The extent to which the replication of American primaries in the Conservative Party helps its members make a wise choice is still a matter of conjecture. However, there is little doubt that the process itself will be invigorating for a party that has tasted three consecutive election defeats. Although the Westminster system is parliamentary, electoral encounters are invariably presidential in nature. Voters in Britain do select an MP but they actually vote for a Prime Minister.
As of now there is little clarity in the BJP as to whether it is choosing a president to run the organisation or selecting a leader who will be the public face of the National Democratic Alliance in the next general election. In all probability, the wise men in the Sangh Parivar will settle for a president who can bring some order and stability back into the party and help it get over the turbulence of the past year. The choice of a prime ministerial candidate is likely to be deferred, at least till as long as Advani remains Leader of Opposition.

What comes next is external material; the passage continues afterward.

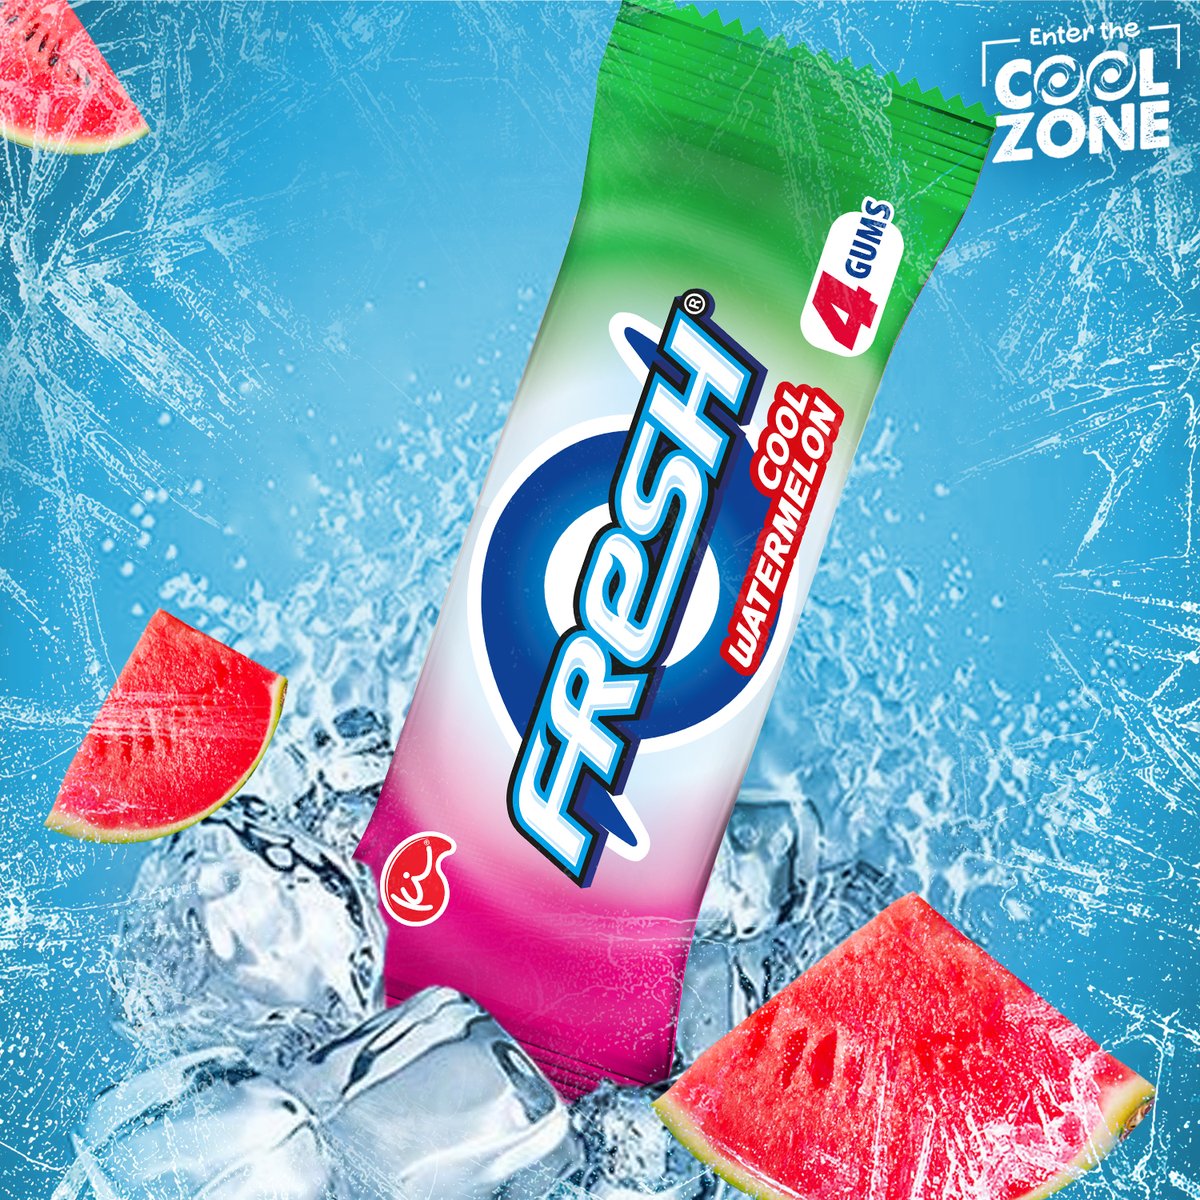 Whoa, look at the time: it’Gum O’Clock! Make your Friday mouthwatering with Fresh Watermelon. #EnterTheCoolZone #FreshChewingGum

Yet, the choice cannot be deferred indefinitely. While the return of stability in the organisation is imperative for the BJP to play the role of a robust opposition, the NDA will need a face to posit against Sonia Gandhi in the next general election. There are at least four leaders, three of whom were Cabinet ministers in the previous NDA Government and one who is a Chief Minister, who could, arguably, occupy the space vacated by Atal Bihari Vajpayee. But how will the leader be chosen?
The question arises because there has been a deep distrust of vibrant inner-party democracy in India. Neither Mahatma Gandhi nor Jawaharlal Nehru could countenance a Congress president elected against their wishes. Both Subhas Bose and Purshottam Das Tandon were unceremoniously dumped after winning presidential contests. To circumvent the problem, the very idea of elections for top political posts was done away with. Regimented consensus and unanimity became the norm. A spurious form of discipline was posited against the dangers arising from factionalism. Consequently, splits became the norm in India because the avenues of discussion and dissent were foreclosed.
The BJP faces the problem as much as the Congress does. Whereas in the Congress it is the ubiquitous high command that calls the shots, in the BJP a clutch of elders take all the crucial decisions. Pramod Mahajan’s veiled protest against this practice, in a TV interview last week, was valid. Equally valid was his suggestion that the National Council should elect the next party president. However, unless the outgoing president is bent on imposing an unacceptable candidate on an unwilling party, it is unlikely that anything remotely resembling the Conservative Party leadership contest will be witnessed in Mumbai in December. Even if a contest is forced, it will end up as a non-contest.
The political culture in India hasn’t sufficiently evolved for inner-party battles to be conducted in the public gaze without this jeopardising the overall health of the organisation. The overwhelming consensus is that family matters should be settled internally and behind closed doors. The BJP perceives itself as a joint family. In such a set-up, it is always the moral guardians who are entrusted with crucial decisions on behalf of the collective.
It is not classical democracy in the Western sense but it is a manifestation of Indian Conservatism.